In the raw data, increases in abundance on the two-day scale could not be explained from experimental growth rates of C. polylepis. Aggregation created by Ekman transport is a plausible explanation for such observed jumps in algal concentration in the samples. We believe that the alongshore wind stress represents this effect well (Lekve et al. 2002) and emphasizes the importance of including variables that capture sampling effects.

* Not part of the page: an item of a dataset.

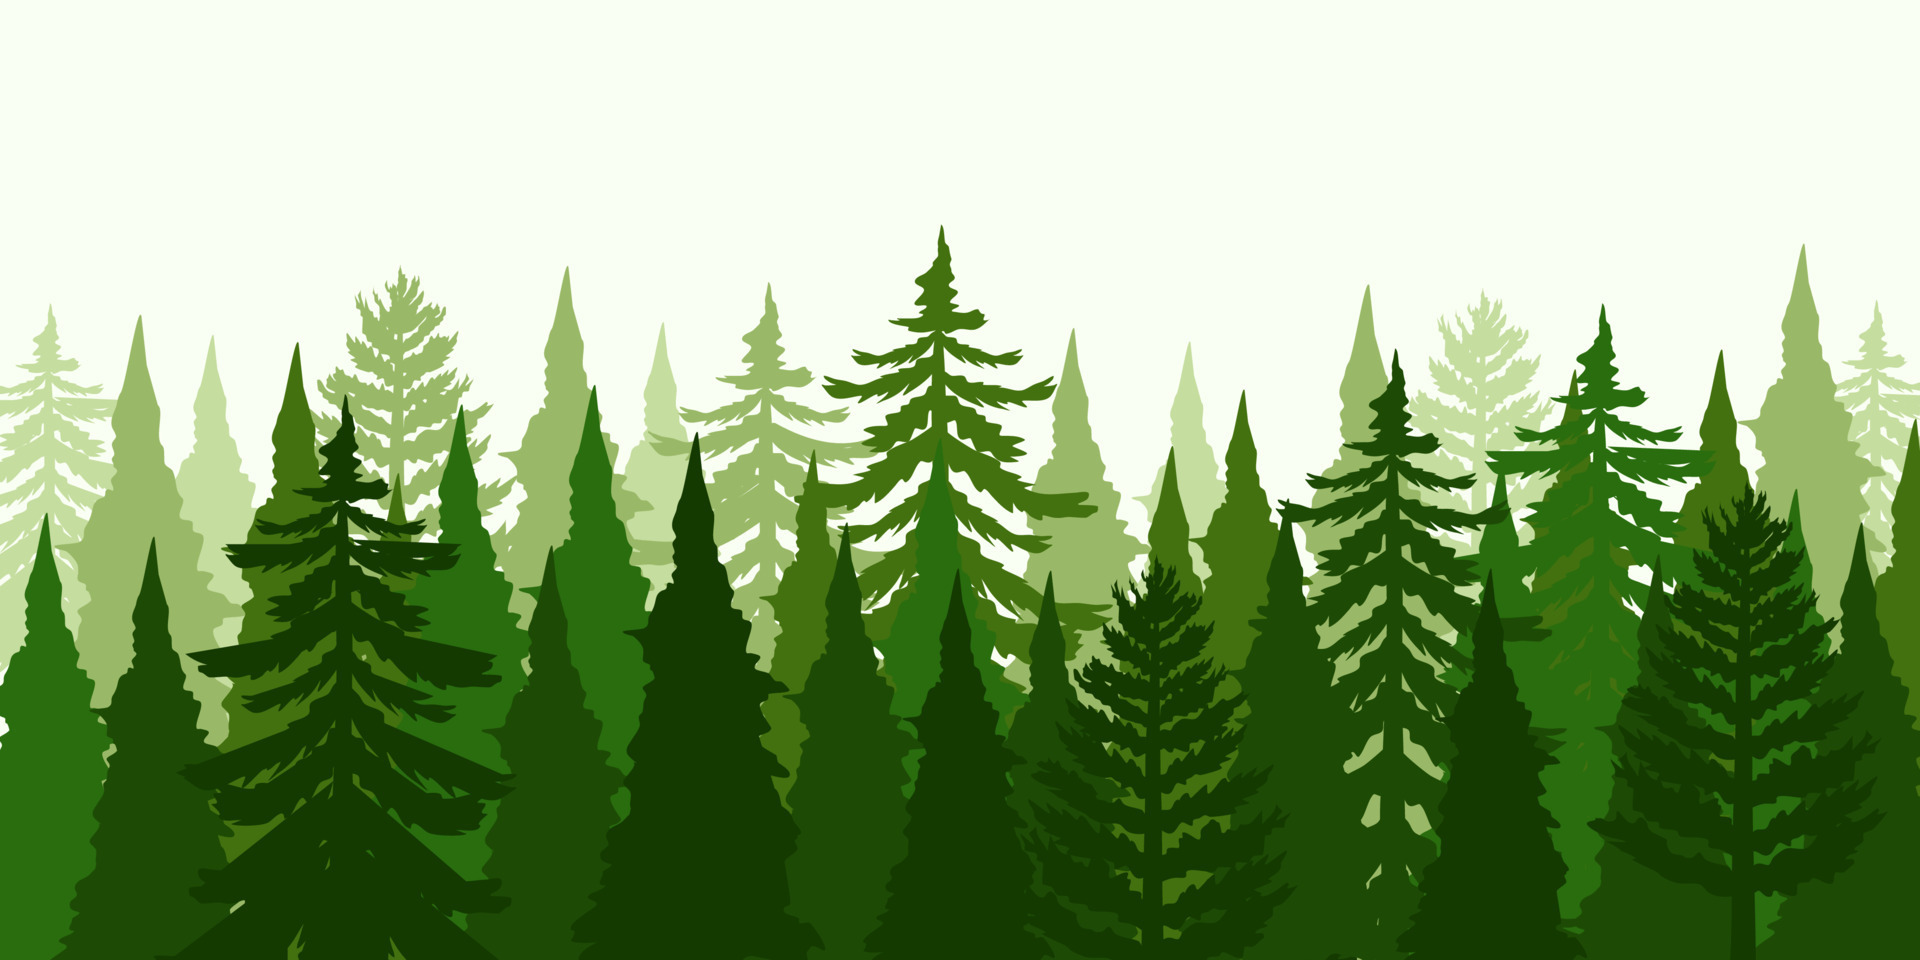 pine trees forest silhouette nature landscape background 10826173

The effect of inflow of North Seawater to the Skagerrak may also be interpreted as a more indirect and large-scale effect. We found that the lower the flux of North Seawater into the Skagerrak during the previous month, and hence the slower the NCC during that period, the higher the abundance of Chrysochromulina. This may be explained by relatively calm weather conditions and low turbulence creating favourable conditions for Chrysochromulina combined with a longer residence time and thereby a longer period to build up phytoplankton biomass. We speculate that the inflow variable represents the availability of nutrients, stratification of water masses, as well as the strength of the NCCs and hence the residence time of its water. These factors may be of importance to Chrysochromulina spp. The fact that NAO, temperature and salinity were redundant to the effect of inflow (see e.g. Stenseth et al. 2003) further supports such a hypothesis. However, variables similar to NAO (e.g. pressure fields) are included in the inflow variable, and thus capture some of the variability that might otherwise be captured by the NAO (Reid et al. 2003). To sort out this effect is beyond the scope of our investigation.

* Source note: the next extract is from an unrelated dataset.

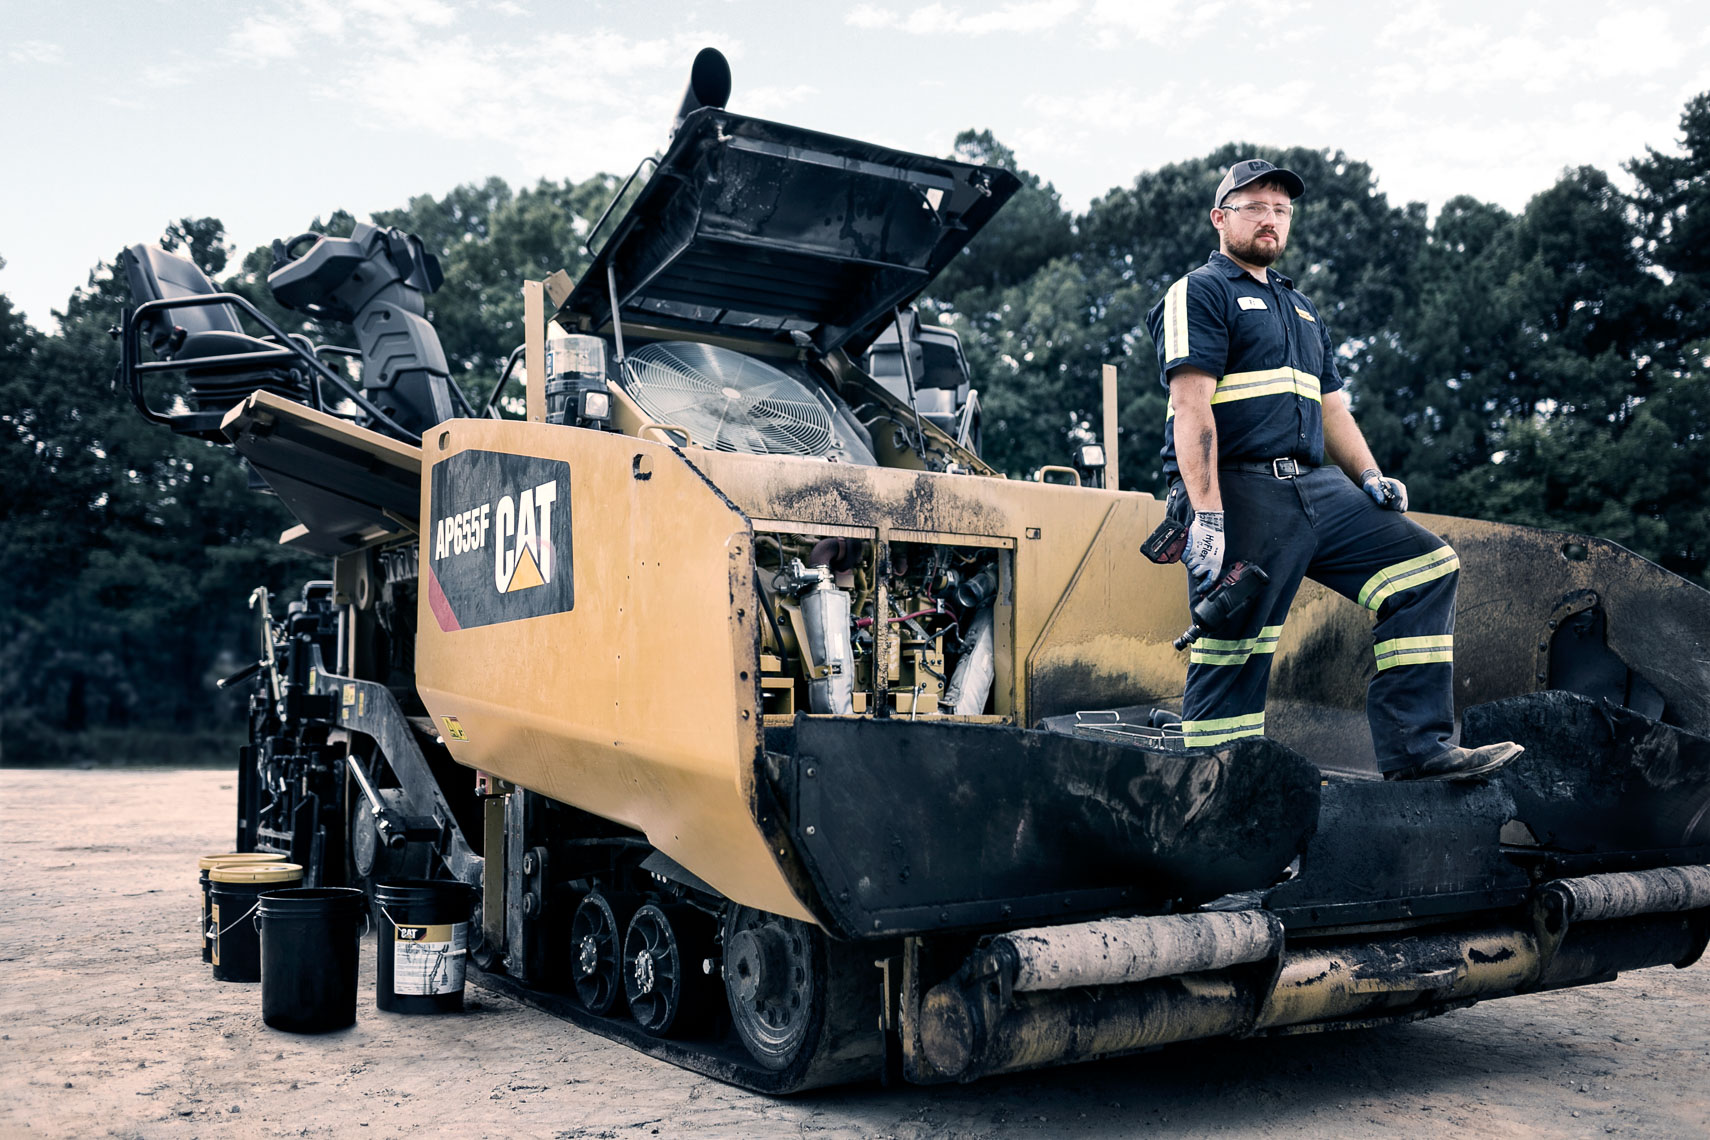 Service_Technicians_for_Gregory_Poole_20190904_photo_by_Justin_Kase_Conder_1052_Retouched_V01_CAT.JPG
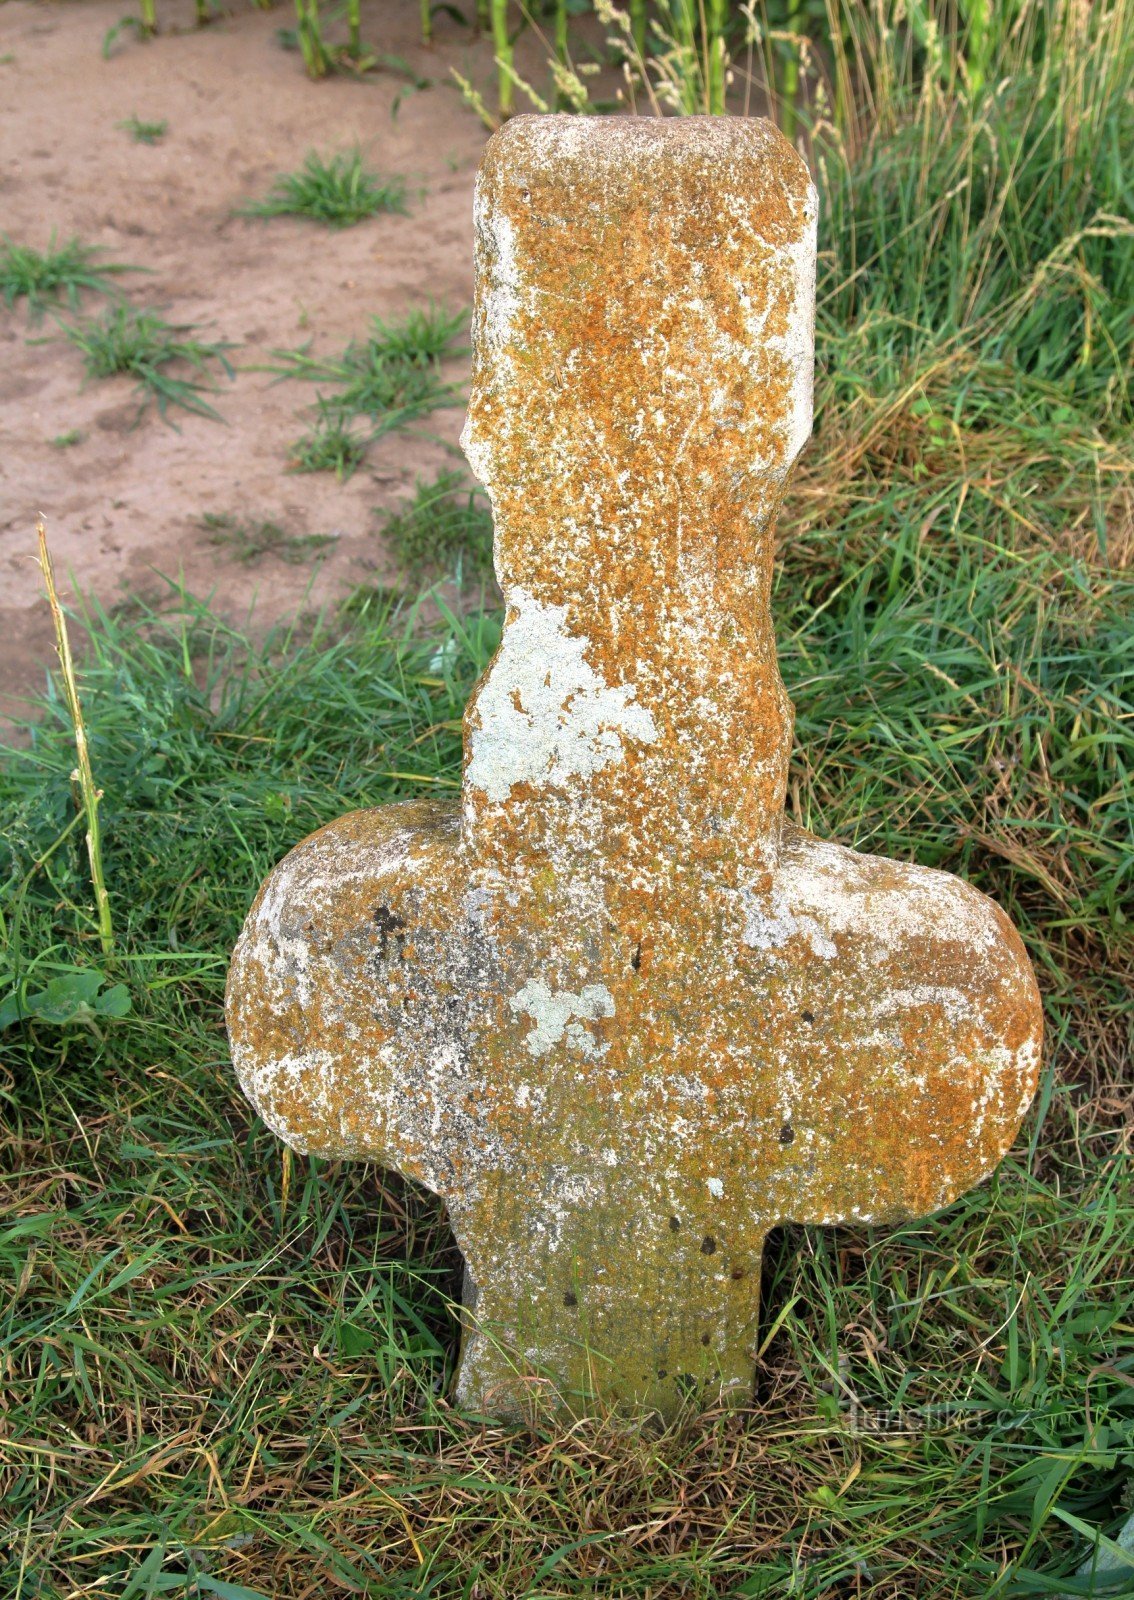 General view of the Reconciliation Cross

(c) Bottom-up versus top-down control

Bottom-up control of a community arises, when direct or indirect dependence of community structure on factors producing variation at lower trophic levels or in their resources is present (Menge 1992). The strong predictive power displayed in this study (a correlation of 0.72 between the observed and predicted time-series of Chrysochromulina spp.) emphasizes the importance of abiotic factors for the dynamics of this algal genus. We do not believe that there is an either–or relationship between bottom-up and top-down control. However, from our analysis of the Skagerrak dataset, we suggest that environmental abiotic factors are the main determinants of the bloom dynamics for Chrysochromulina spp. in this area.

6. Conclusion

The overall conclusion of this study is that the seasonal dynamics of Chrysochromulina were very well accounted for by abiotic factors, such as nutrient conditions, currents and wind, without including seasonal biological relationships. This furthermore implies, as found through our analysis, that the between-year variation in the timing and abundance is very well accounted for by between-year variation in the abiotic and environmental conditions.

Acknowledgments

Financial support from The Research Council of Norway (NFR; Biodiversity programme) to K.L. and N.C.S. made the reported analyses possible. E.B. is grateful to The Research Council of Norway for funding (the EcoClim-project), as well as a Marie Curie post doctoral fellowship (MCFI-2002-01148) from the EU. Jon-Olav Vik is kindly thanked for nasty comments and constructive suggestions.